The Marquis had forgotten that he was supposed to be returning to The Castle later in the day.
He had been thinking that his valet could take over his clothes when Lord Waincliffe and his brother and sister had his conducted tour round The Castle.
Then, as Rosetta rode on ahead of him towards the stables, he really wanted to challenge her again.
He would feel dismal and bored if, after the visit to The Castle was over, they went home and he had to dine alone.
*
Back at The Hall Rosetta went up to her room and changed into one of the gowns belonging to Dolina.
She felt she had never enjoyed a morning more.
And the Marquis had not been at all as aloof and formidable as she had feared last night. This morning he seemed younger and considerably more amusing than she had expected him to be.
‘Perhaps,’ she told herself as she changed, ‘he is not as bad as he is painted.’
But he would soon grow bored with being in the country with only the Racecourse to think about.
She wondered if Gordon would ask him to sign a document to confirm that he would pay for the costs – and whether they could trust him not to back out.
After all, they would be doing a great deal of work and spending money they could never recover.

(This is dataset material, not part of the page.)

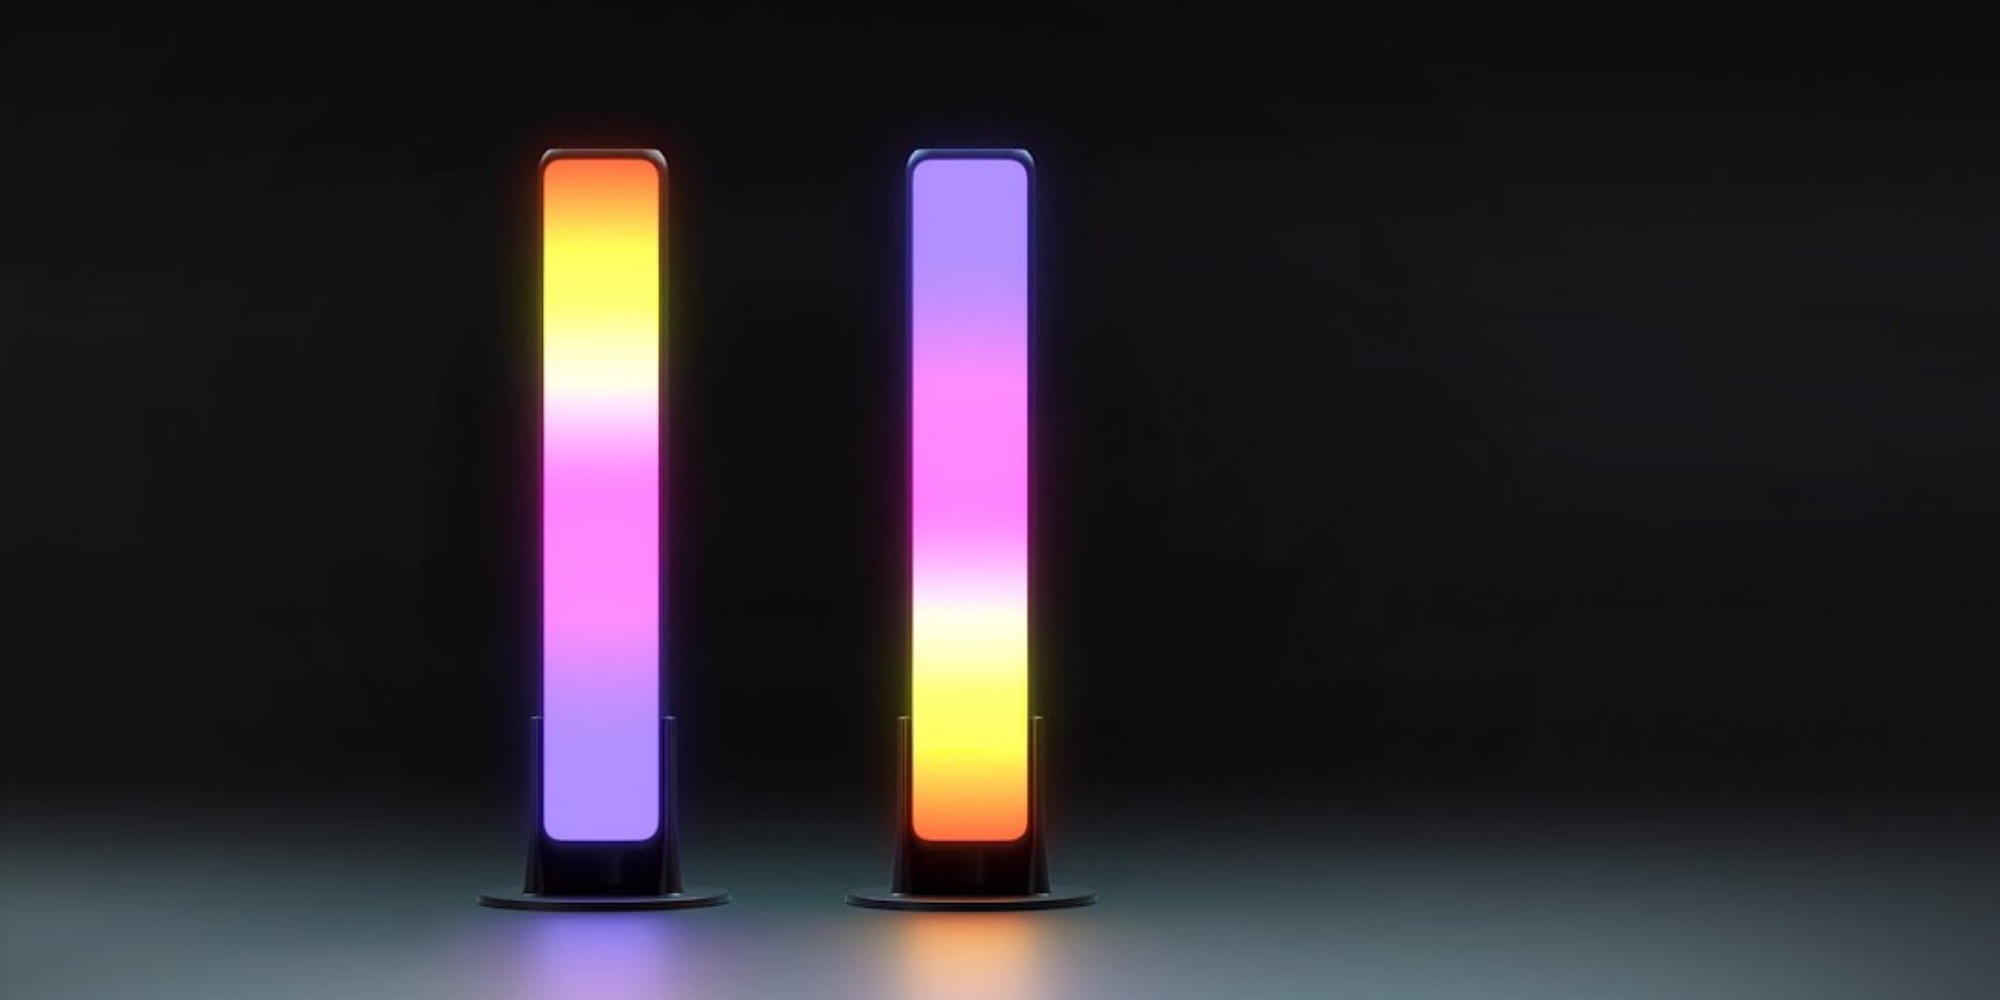 Govee Flow Pro Light Bar Review - Smart LED light bars now

Then she told herself that she did not believe for a moment the Marquis could behave like that and she would certainly expect him to be honourable and keep his word.
‘At the same time,’ she thought, ‘it would be nice to make sure that everything is clear and tied-up and next she wondered if she ought to tell Gordon what she was thinking.
When she went downstairs to the breakfast room, the boys were already there talking nineteen to the dozen to the Marquis and they all rose when she entered.
“Please don’t move,” she asked them.
Then turning to Gordon, she exclaimed,
“Thank you so much for the most wonderful ride I had on Starlight. He is indeed marvellous and although his Lordship did his best to beat him, it was a dead heat.”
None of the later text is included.